Нарезаю овощи на салат и как бы я ни старалась отвлечься, в голову всё равно лезут всякие противные мысли. Опять поругалась с Татьяной, опять из-за Радмира. Таня так упорно пытается настроить меня против мужа, что я каждый раз задаюсь одним и тем же вопросом — зачем она это делает, разве не понимает, что у нас с Радмиром будет общий ребёнок, что мне плевать на весь мир, когда дело касается моего любимого мужчины?
Из гостиной доносятся мужские голоса. Странно. Рад не говорил, что придут в гости, а потому я в конкретном шоке, когда своими глазами вижу, кто пожаловал к нам домой. Отца мужа, точнее, свёкра, я узнаю сразу. И как не странно Славик пришёл не ругаться, раз они с Радмиром спокойно распевают крепкий напиток, устроившись на диване.
Увидев меня в дверном проёме, Рад ненадолго замолкает, а затем улыбнувшись подзывает к себе.
— Наташа, иди к нам, — говорит любимый, а я, застыв от нерешительности, с опаской поглядываю на Сташевского-старшего.
— Добрый вечер, Наталья. Как здоровье? — приветствует Славик, осматривая меня с головы до ног. Его взгляд мне не нравится, меня будто под микроскопом изучают, иначе почему карие глаза замирают в области моего уже округлившегося живота?
— Здравствуйте, Вячеслав. Спасибо, всё хорошо.

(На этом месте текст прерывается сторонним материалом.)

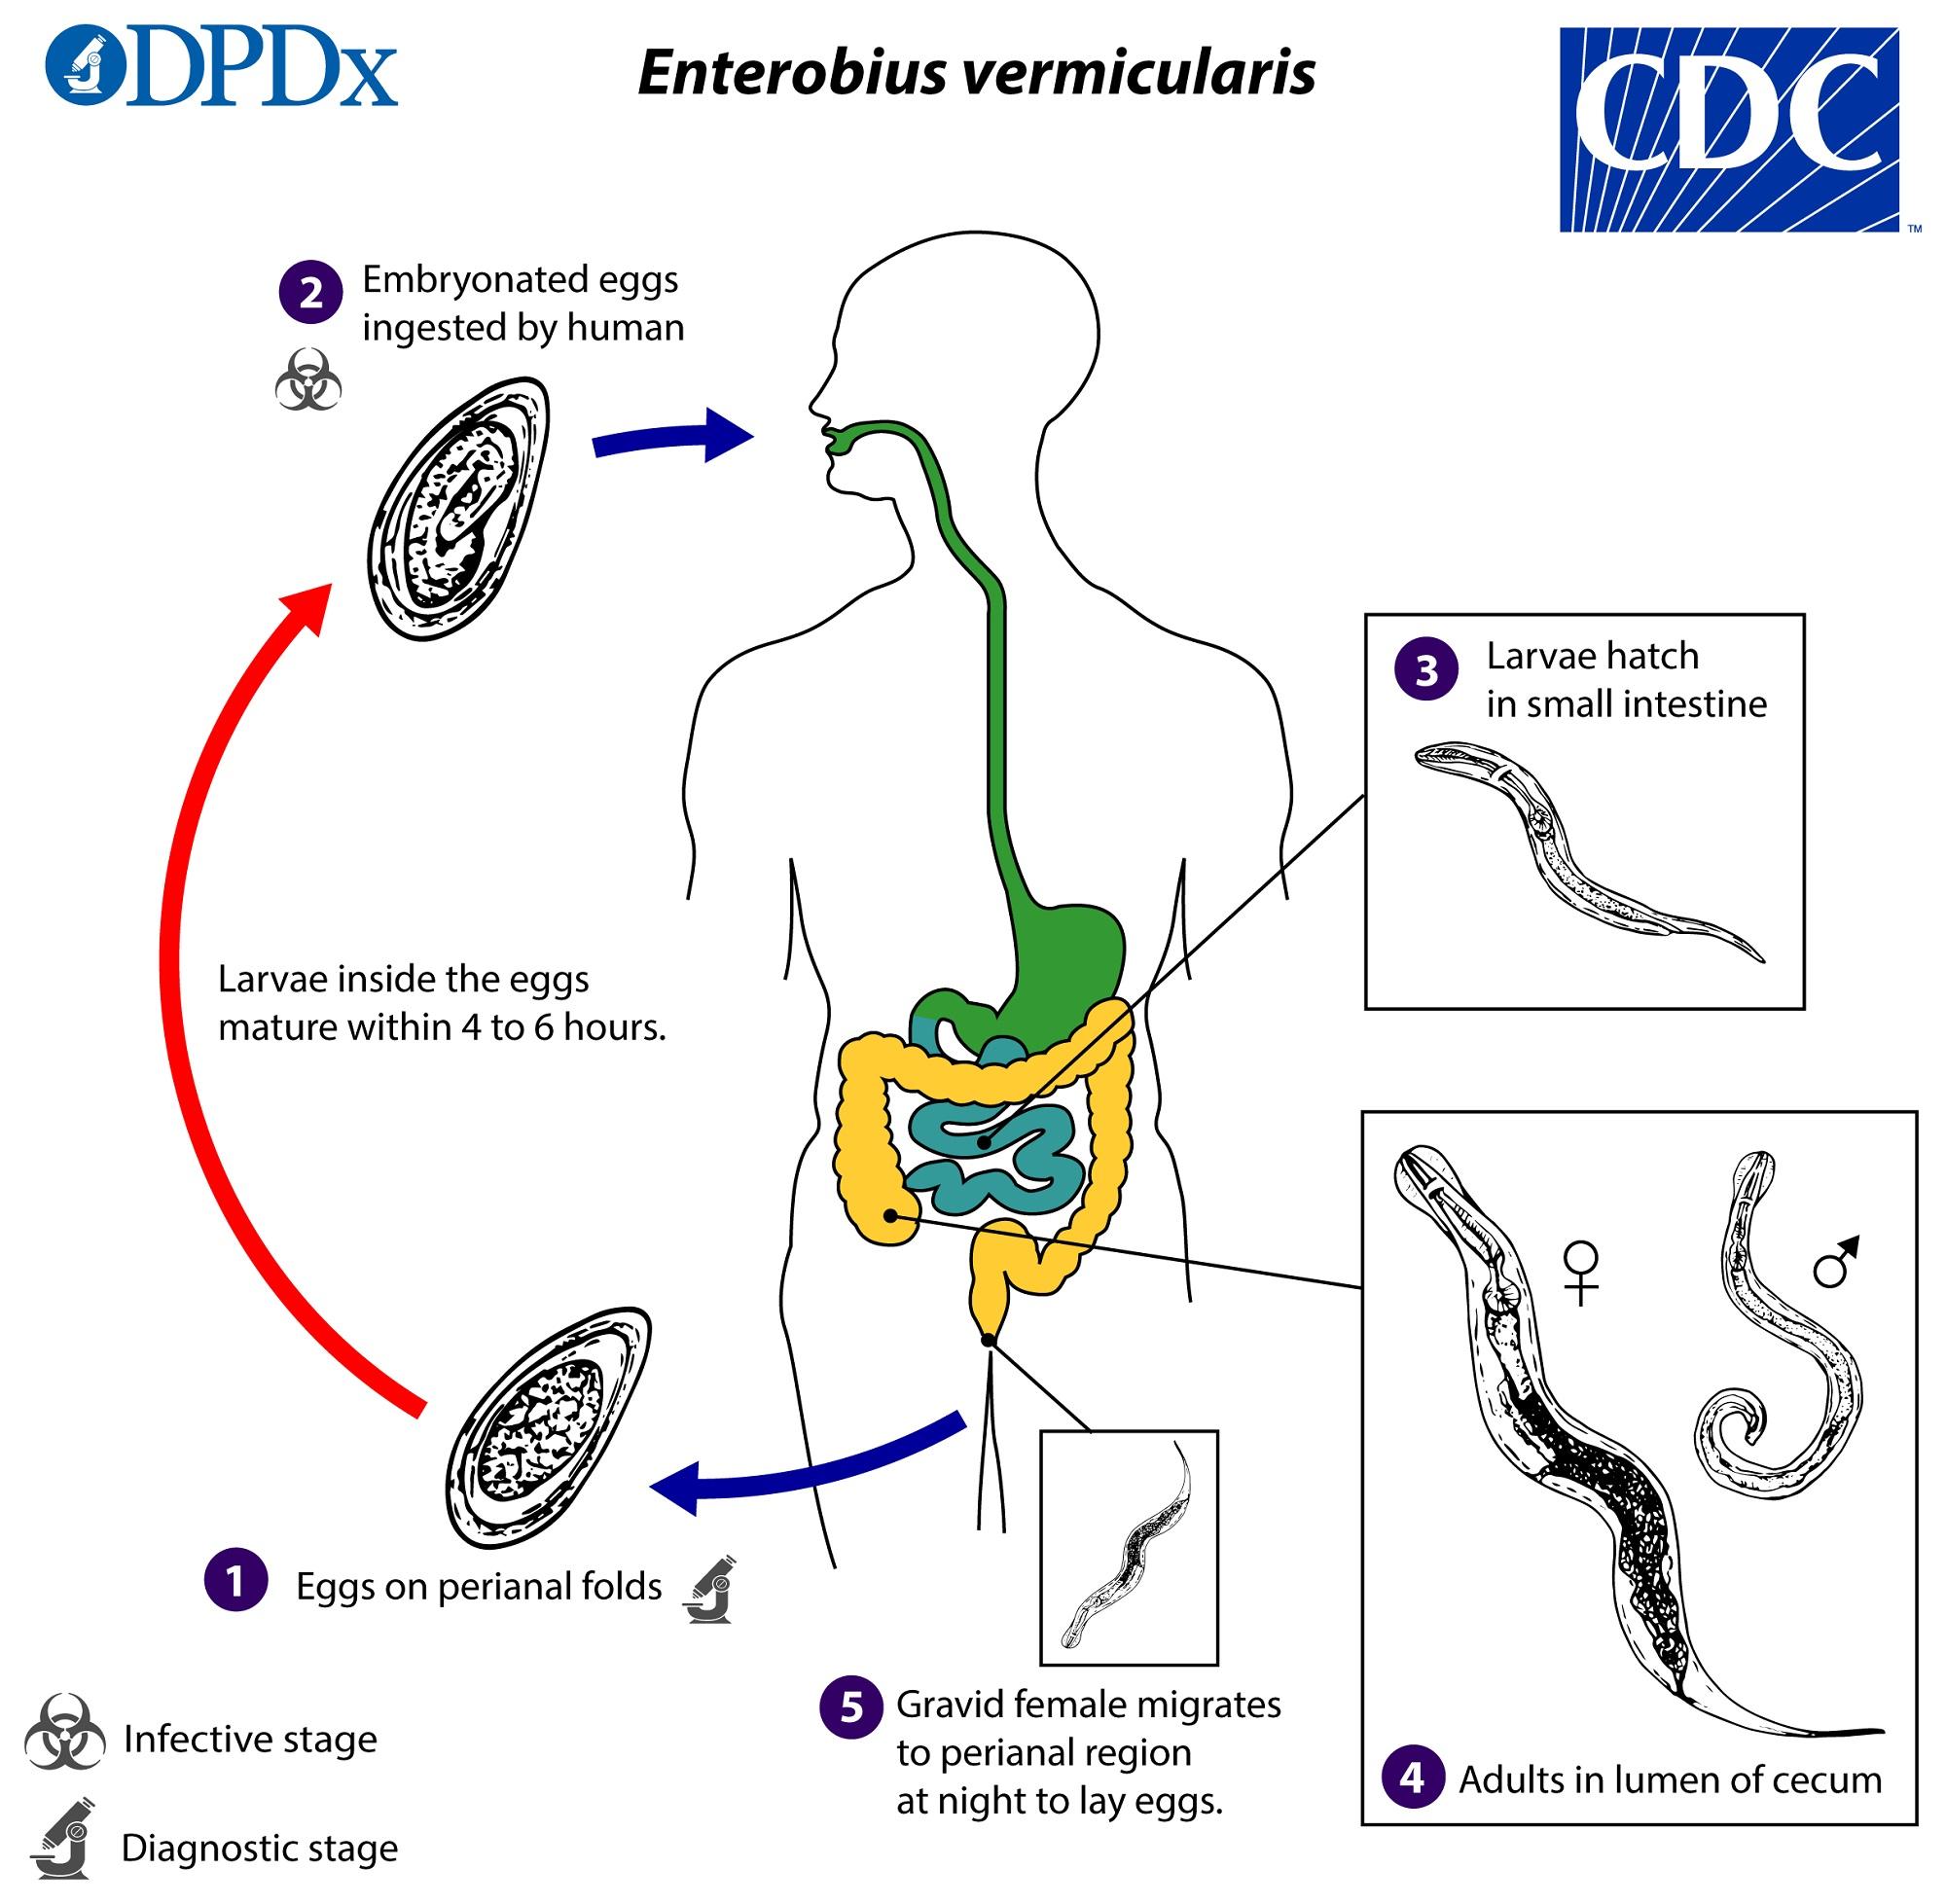 pinworm patogenezis a parazitaktol hogyan lehet felepulni

— Я узнал, у вас муж умер. Примите мои соболезнования.
— Бывший муж, — выдерживаю строгий взгляд свёкра, — мой муж жив и сидит сейчас рядом с вами.
— Да, я знаю, вы с Радмиром расписались. Я бы поздравил, но думаю, это сейчас неуместно, правда?
Игнорирую плохо прикрытую попытку уколоть меня. Если Славик думает, что его сын женился на мне из-за временного морока, то это его проблемы. Мы с Радмиром повенчались и свёкор, с его-то разведкой, конечно же, знает об этом, но продолжает вести себя со мной как и раньше.
— Милый, — обращаюсь к мужу, так и не отреагировав на фразу Славика, — ужин будет готов где-то минут через сорок. Накрыть стол здесь или в кухне?
— Да всё равно, Наташ. Только на папу тоже накрой, хорошо?
Молча киваю, стараясь игнорировать эмоции, которые в эту самую минуту заставляют моё сердце скакать настоящим галопом. Выхожу в коридор и, прижавшись спиной к стене, пытаюсь побороть лёгкое головокружение. И пока мои веки прикрыты, а пальцы растирают виски, сквозь толстые стены я вдруг слышу мужской разговор:
— Сын, я сделал всё, что мог, но следователь оказался принципиальным идиотом, борющимся за правду. Конечно же, я ещё на него надавлю и думаю, дело замнётся уже на следующей неделе. Но ты будь готов, что в любую минуту к тебе может прийти полиция и арестовать. Ты не сопротивляйся, я потом всё улажу. Главное, без адвоката ничего не говори и никаких пояснений не давай.